---------- Supplied entries ----------

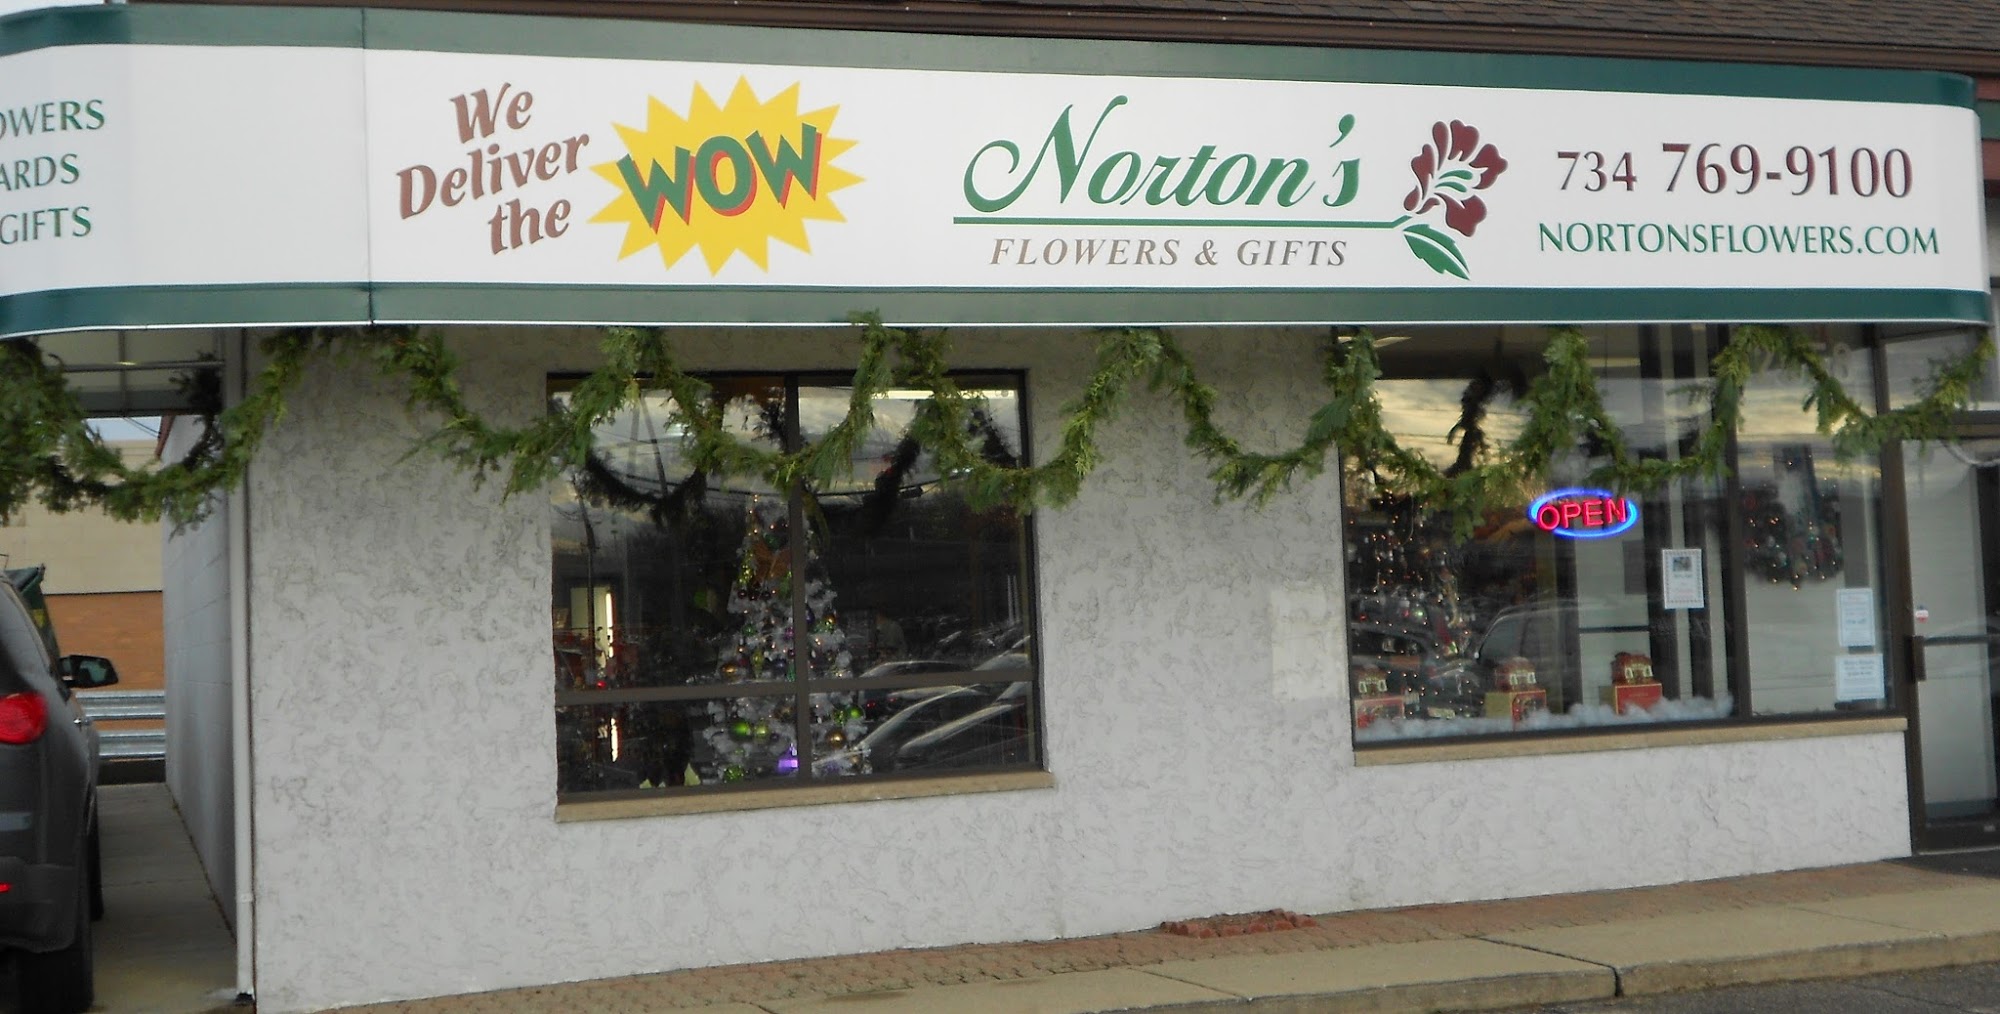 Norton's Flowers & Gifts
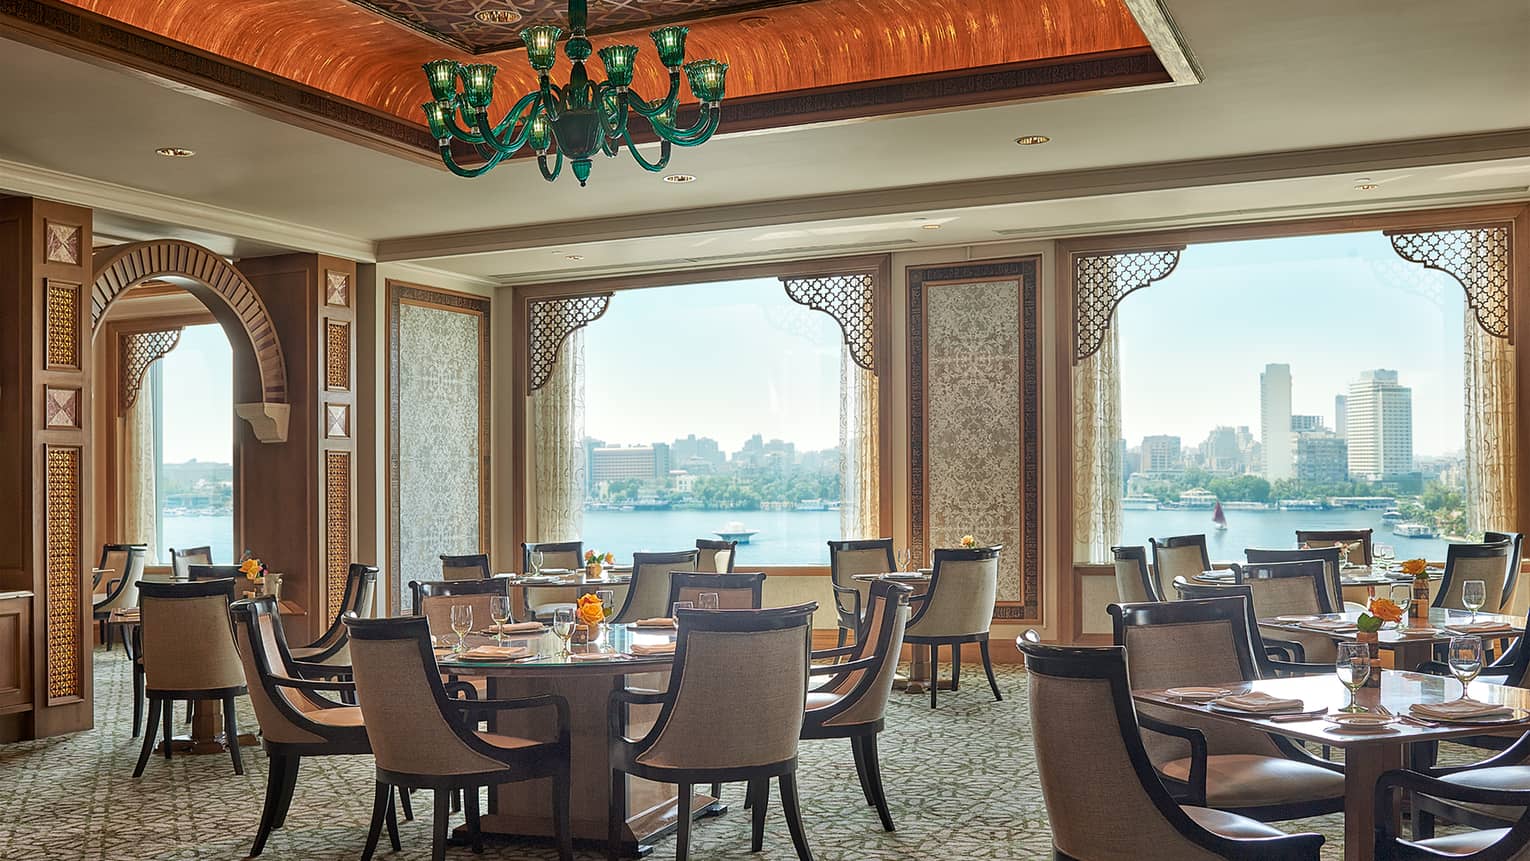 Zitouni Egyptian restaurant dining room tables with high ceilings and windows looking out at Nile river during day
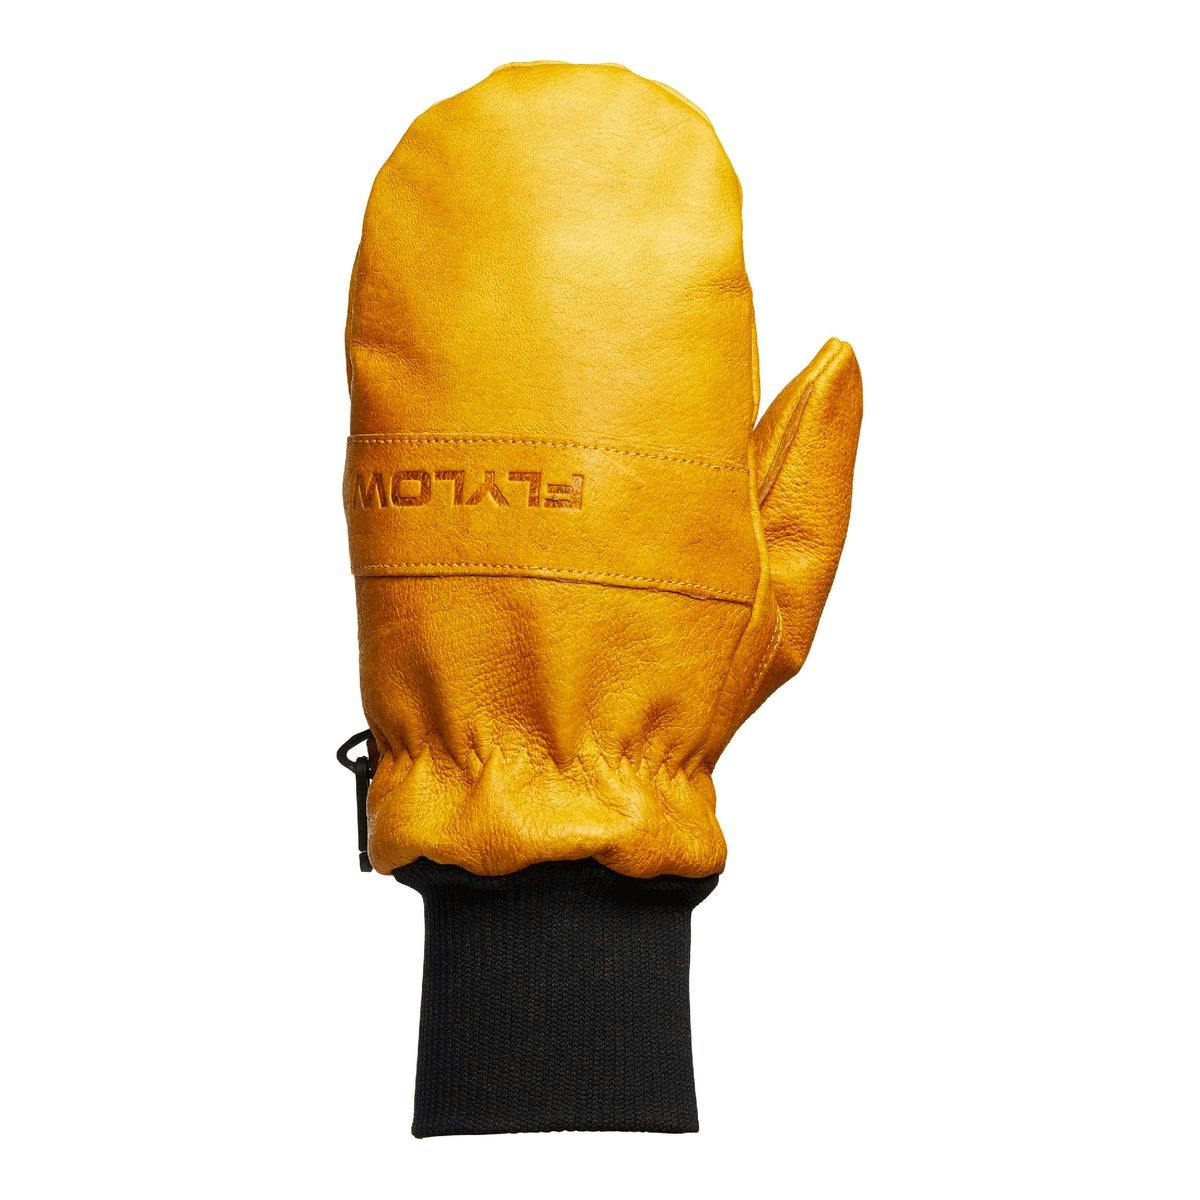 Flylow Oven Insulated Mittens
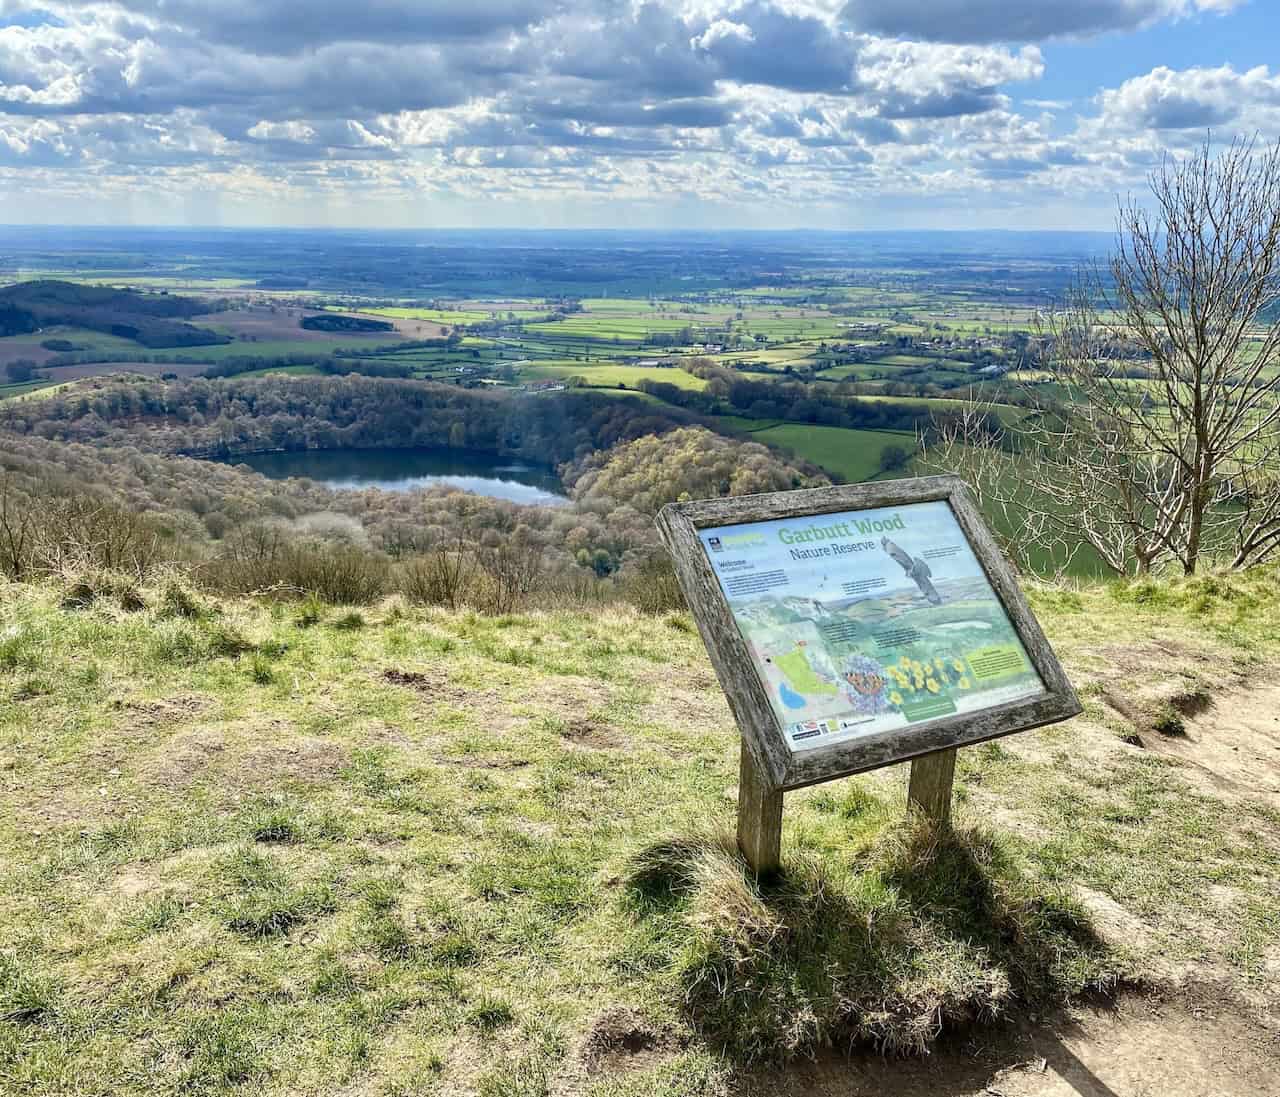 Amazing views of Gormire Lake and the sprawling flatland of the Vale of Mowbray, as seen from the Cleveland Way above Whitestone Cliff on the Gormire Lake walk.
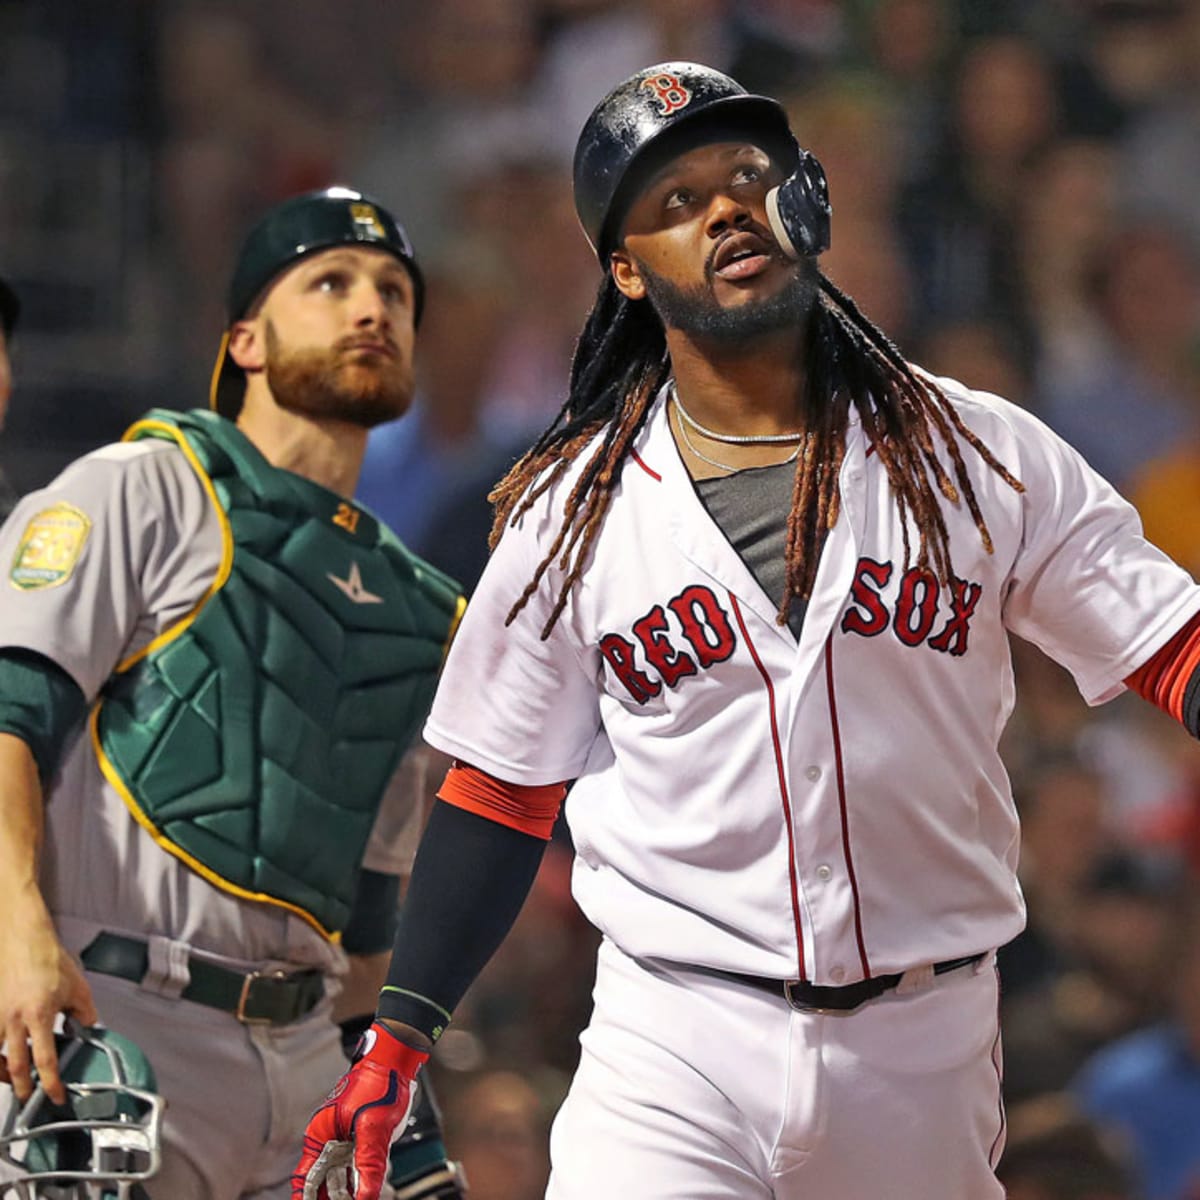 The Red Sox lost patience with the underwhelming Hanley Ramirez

----------

▶ **What you have to do**
When restating the records word for word, omit any picture they contain.

▶ **Task solution**
 Norton's Flowers & Gifts
 Zitouni Egyptian restaurant dining room tables with high ceilings and windows looking out at Nile river during day
 Flylow Oven Insulated Mittens
 Amazing views of Gormire Lake and the sprawling flatland of the Vale of Mowbray, as seen from the Cleveland Way above Whitestone Cliff on the Gormire Lake walk.
 The Red Sox lost patience with the underwhelming Hanley Ramirez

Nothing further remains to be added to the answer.